As mentioned in Flood (2004), the Aboriginal People were still being characterised as 'unchanging man in an unchanging environment' in the 1920s. Since then evidence has been accumulating, especially from archaeology, that the reverse is actually true. Some features of their culture were indeed conservative, such as some burial practices, such as where men were buried clutching the penis. This has been observed in the 18th century, and has since been found in burials such as at Lake Mungo, where the burial of WLH 3, dated to about 60,000 years ago, had his hands in a position consistent with this practice. But they have adapted to extraordinary climatic changes. At the time of their arrival in central Australia the lakes of the centre were vast stretches of freshwater, the remains of large fish caught in them being found in middens near the lakes. Since then, the lakes dried up, the people, along with the animals, moved away from their dependence on the lakes, shifting to such food sources as grass seeds and the marsupials that had also adapted to life without much standing water.

Aboriginal culture has been shown by archaeological research to have been evolving for at least 50,000, and more probably 60,000 years, to suit the situation they find themselves in at any particular place and time. Whether rainforest or desert, they flourished wherever they went. Rather then being unchanging they have shown themselves to be masters of adaptation. Aboriginal society has the longest continuous cultural history in the world.

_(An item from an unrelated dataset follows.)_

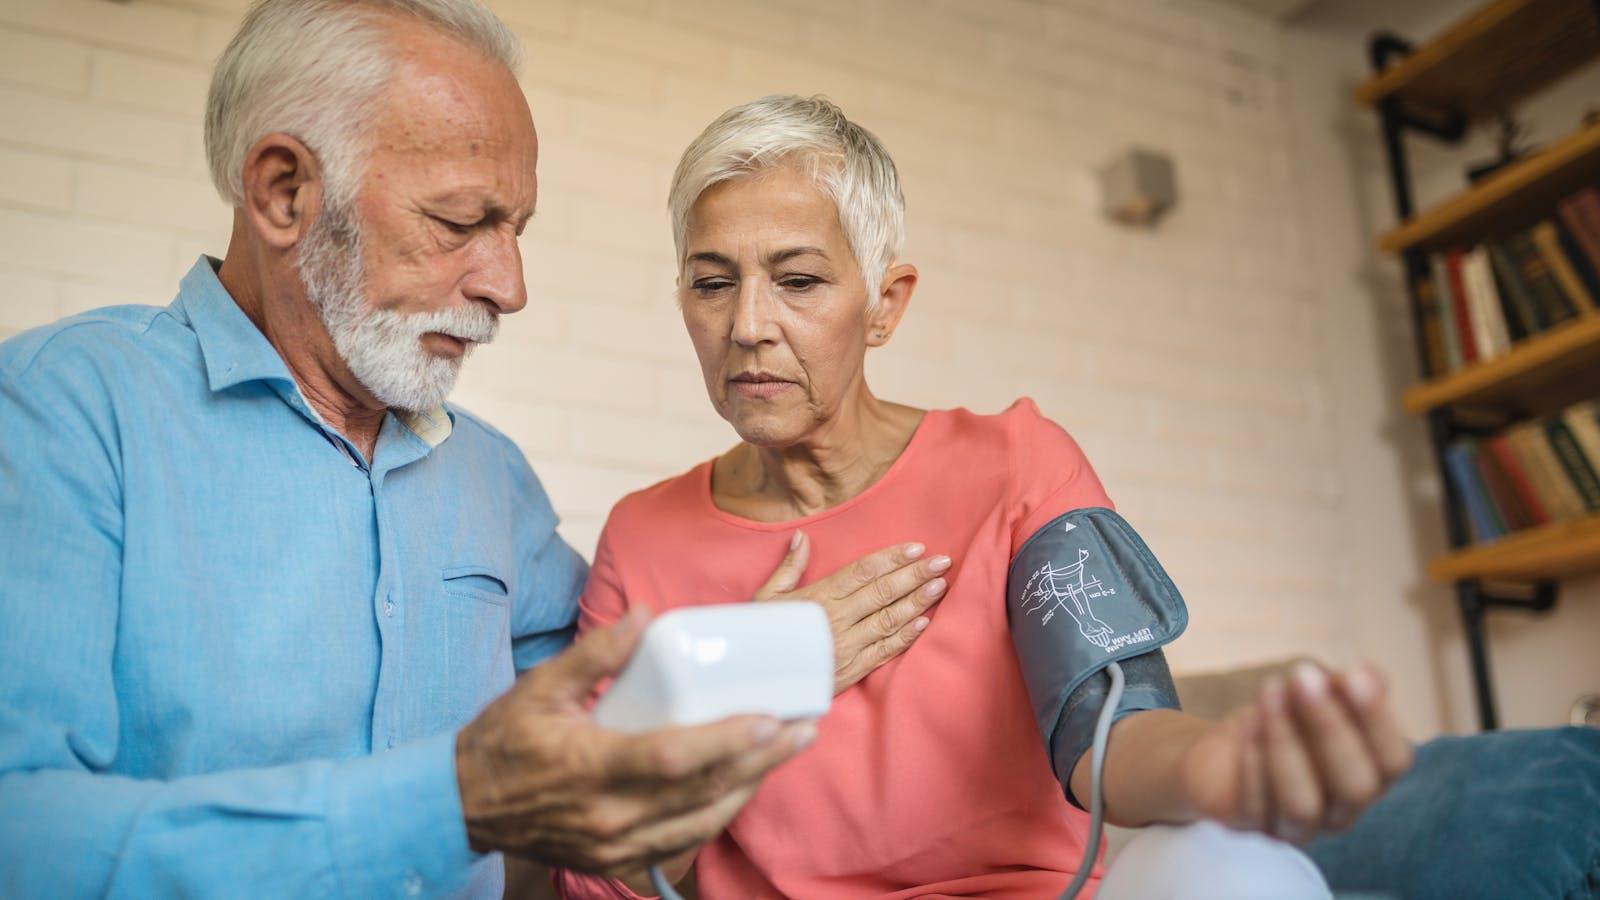 ¿Cuál es una presión arterial normal? - Diet Doctor

The stone constructions for eel harvesting in southwestern Victoria and fish trapping at Brewarrina are examples of engineering practised by Aboriginal people. These constructions demonstrate they had the ability and the knowledge of their environment and the animals they hunted to plan and successfully build large scale permanent structures where the environment was reliable enough to make the work required worth while in the long term, and where there was a need, as in the case of the Brewarrina fish traps, to catch large numbers of fish when they were available in times of drought. The processes used for preserving eels demonstrates they knew how to preserve food when required. With regards to activities such engineering structures, mining, quarrying, permanent or semipermanent huts, when the conditions permitted, where they could they did.

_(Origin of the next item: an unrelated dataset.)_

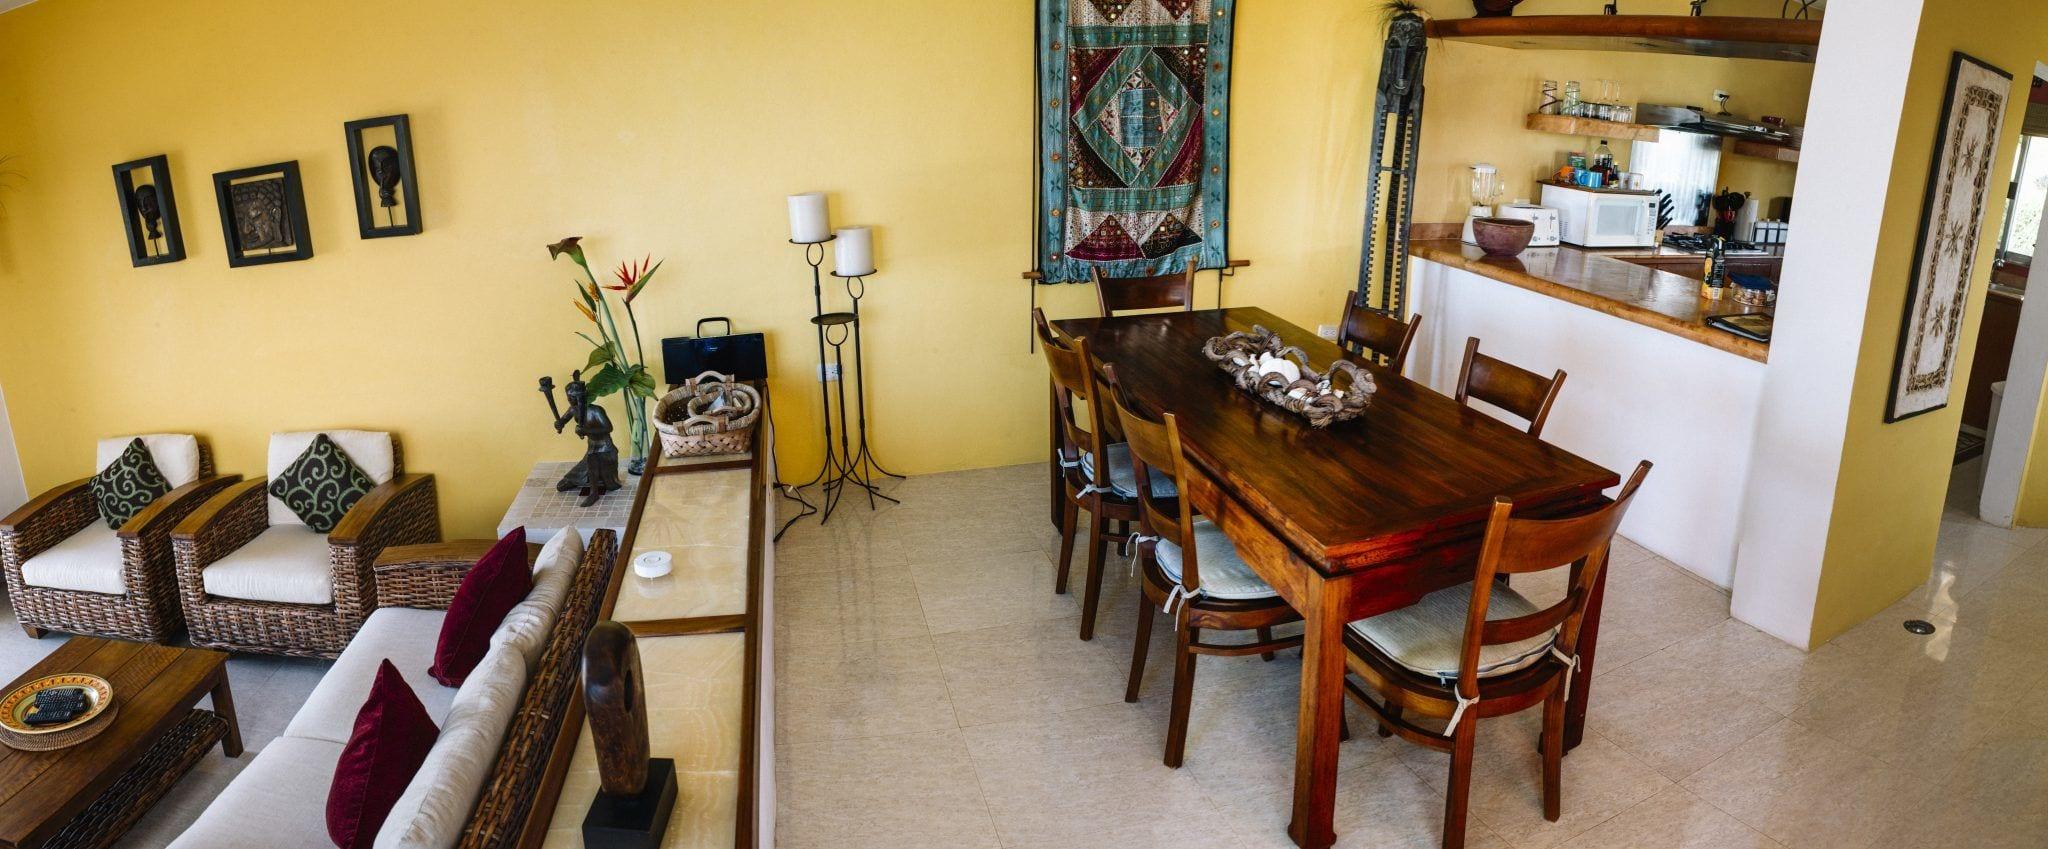 Casa A Dining Room

Present-day research has found 16 refuge sites occupied by red kangaroos during drought, 10 of which were sacred sites associated with Ara, the red kangaroo from the Dreamtime. Among the Aboriginal People, hunting was prohibited in these sacred sites, and for some distance around them.  Conservation being practised many thousands of years before the word existed, also a clue to how these "primitive" people survived, sustainably, on the driest vegetated continent on earth. These sacred sites would now be called a network of conservation reserves in prime habitat. Further evidence that rather than being unchanging people they had adapted extremely well to the very harsh conditions of central Australia.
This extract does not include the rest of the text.